Pasaron los minutos y todo se fue calmando en
el refugio de la Orden
Ofita. Los árabes estaban entregados a alguna clase de preparativo,
y Yo, entusiasmado con el serpentino obsequio y tranquilizado por el buen trato
del Maestro Naaseno, no desconfié cuando éste me acercó un vaso de refrescante
menta. Pocos minutos después caía presa de profundo sopor, seguramente a causa
de un narcótico echado en la bebida.
Cuando desperté estaba con mis padres, en el
Sanatorio Británico de El Cairo, junto a un médico, de blanco guardapolvo, que
trataba inútilmente de convencerlos de que Yo simplemente dormía.
Con el paso de los años, fui reconstruyendo
las acciones que llevaron a mi liberación. Al parecer el Jefe de Policía se
movió rápidamente, temiendo que el secuestro de un miembro de la rica e
influyente familia Von Sübermann, concluyera con una purga en el Departamento
de Policía cuya cabeza –sería la primera en rodar– era él. Por intermedio de
confidentes, mendigos, vagos o simples testigos, se enteraron sin lugar a dudas
que los autores del secuestro eran los fanáticos miembros de la milenaria Orden
gnóstica “Ofita”, considerados como inofensivos e incluso muy sabios.
Esto desconcertó en un comienzo a los
policías, que no alcanzaban a vislumbrar el móvil del secuestro pero, siguiendo
algunas pistas, llegaron a la casa del Maestro Naaseno. Los árabes, en la
euforia por transportarme hasta allí, se habían comportado imprudentemente,
penetrando todos juntos en medio de gritos y exclamaciones. Un mendigo, testigo
presencial de la extraña procesión, tan deseoso de ganar la recompensa que mi
familia había ofrecido, como de evitar las porras policiales, dio los datos de
la casa donde entraron los raptores. Esta fue rodeada por las autoridades,
pero, como nadie respondía a los llamados, se procedió a forzar la puerta,
encontrándose con una humilde vivienda, totalmente vacía de gente. Luego de una
prolija inspección, se descubrió, disimulada bajo una alfombra, la puerta
trampa que conducía, mediante una mohosa escalera de piedra, al soterrado
templo del Dios Serpiente.
Un espectáculo macabro sorprendió a los
presentes pues, tendido sobre un almohadón de seda, yacia mi cuerpo exánime
rodeado de cadáveres con expresión convulsa que, como último gesto, dirigían
los rígidos brazos hacia mí.
Todos los secuestradores habían muerto con
veneno de cobra. El Maestro Naaseno y el ídolo se habían esfumado.
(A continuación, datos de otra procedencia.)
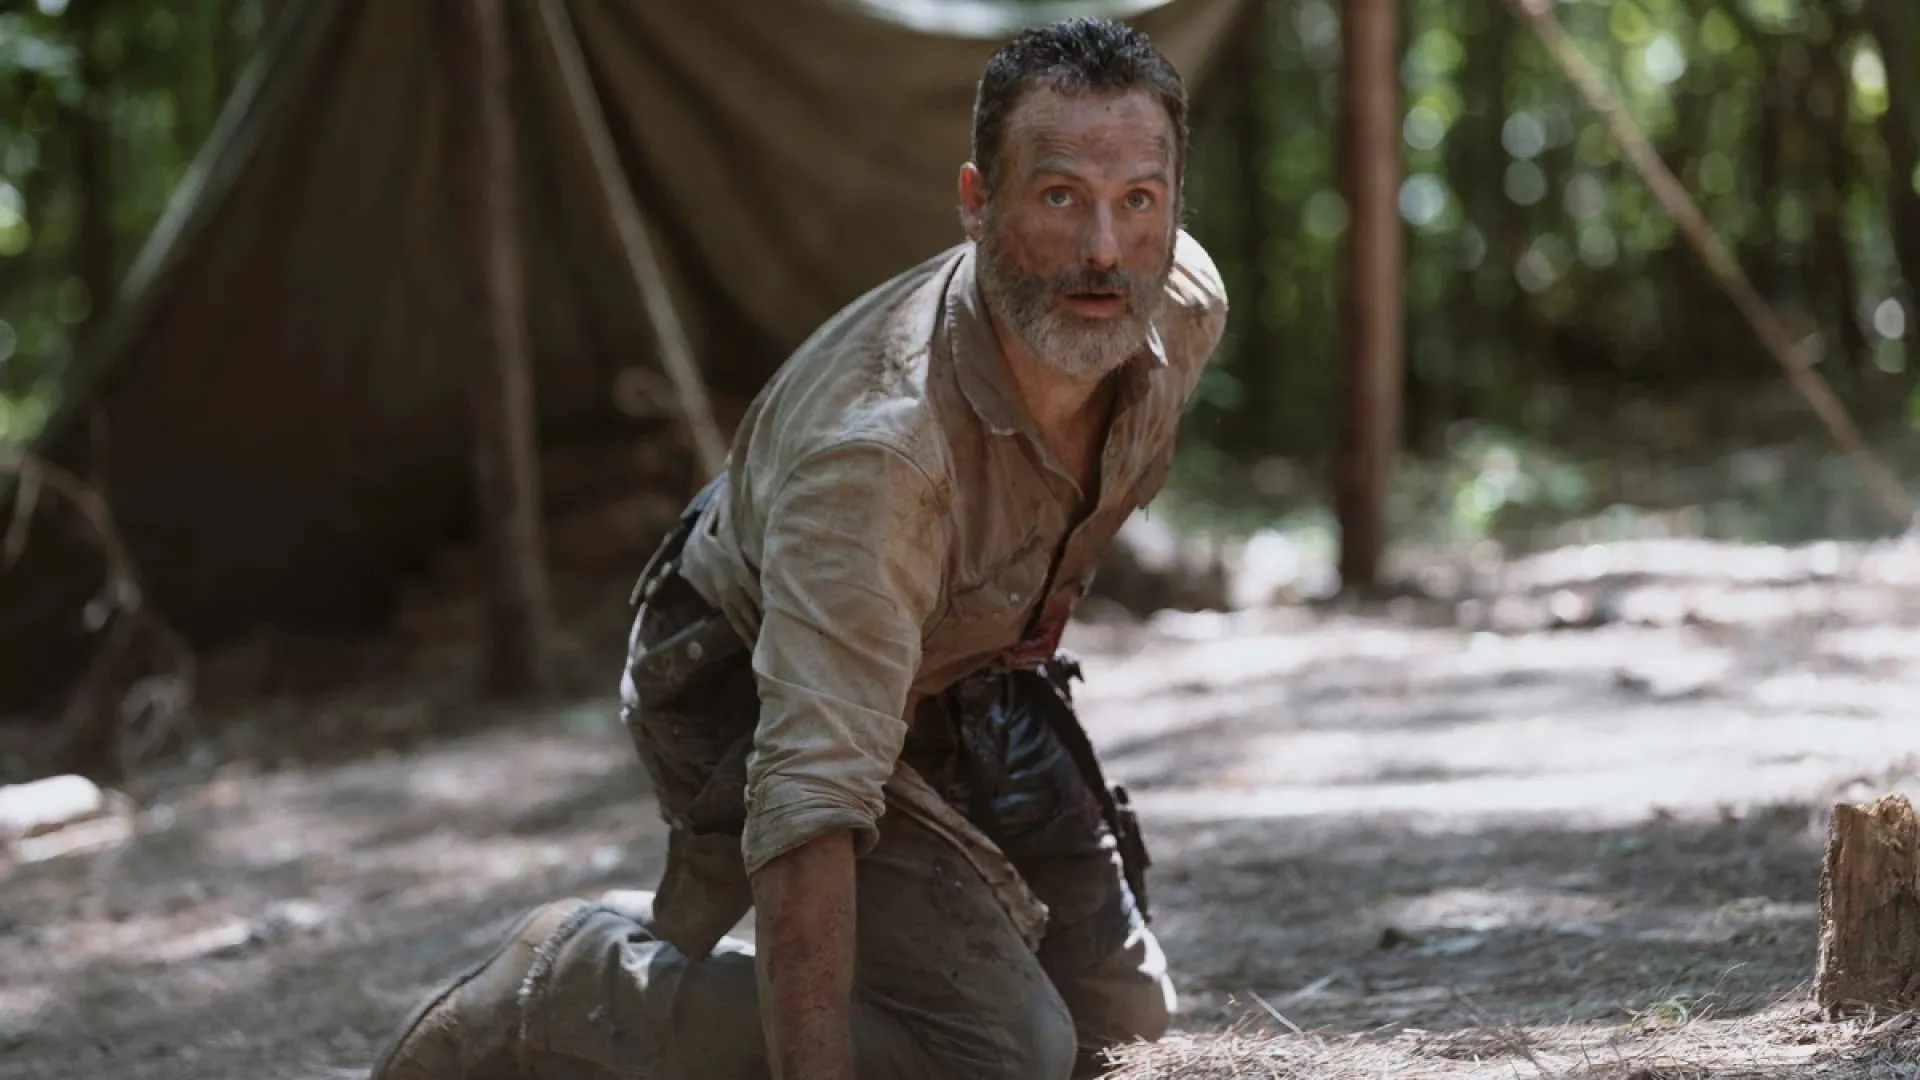 An injured Rick Grimes struggling to get away from walkers in The Walking Dead season 9

La impresión que recibieron los recién
llegados fue muy mala pues pensaron que Yo también estaba muerto, pero salieron
de inmediato de su error y fui transportado al Sanatorio Británico junto con
mis padres.
Aún conservaba colgada del cuello la
serpiente de plata, siendo ésta guardada celosamente por Papá, aunque a veces,
años después, me la solía mostrar cuando recordábamos aquella aventura.
En aquel momento, mientras escuchaba a Papá y
Rudolph Hess hablar de los Ofitas, todos estos sucesos se agolpaban en mi mente.
Me había situado de costado contra la
ventana, de manera que sólo podía verlos de reojo conversar, pero la voz
llegaba nítida a mis oídos.
–Esta es la joya de plata –decía Papá– con la
imagen de Ophis-Lúcifer. La conservé con el cordón original; toma, ahora
deberás guardarla tú.
Era una revelación extraordinaria, –no pude
evitar volverme un poco para ver mejor– pues Papá nunca dio importancia al
pequeño ídolo y Yo, que no comprendía su significado, tampoco. Incluso hacía
años que se había borrado de mi mente.
¡Y resultaba allí que Papá había simulado y
restado importancia al asunto, pero en realidad atribuía cierto valor
desconocido al ídolo de plata! Y lo más extraño era que lo hubiese traído
oculto a Alemania, ofreciéndoselo en custodia a Rudolph Hess. Esto para mí no
tenía sentido.
Por otra parte hablaban del Signo como los
árabes, ¿qué Signo? Años después del secuestro, todavía me miraba en el espejo
buscando al bendito Signo que había llevado a aquellos desgraciados a la
muerte; y jamás hallé nada anormal. Tampoco sospeché que Papá creyera en la
existencia de aquella señal –¿o estigma?–.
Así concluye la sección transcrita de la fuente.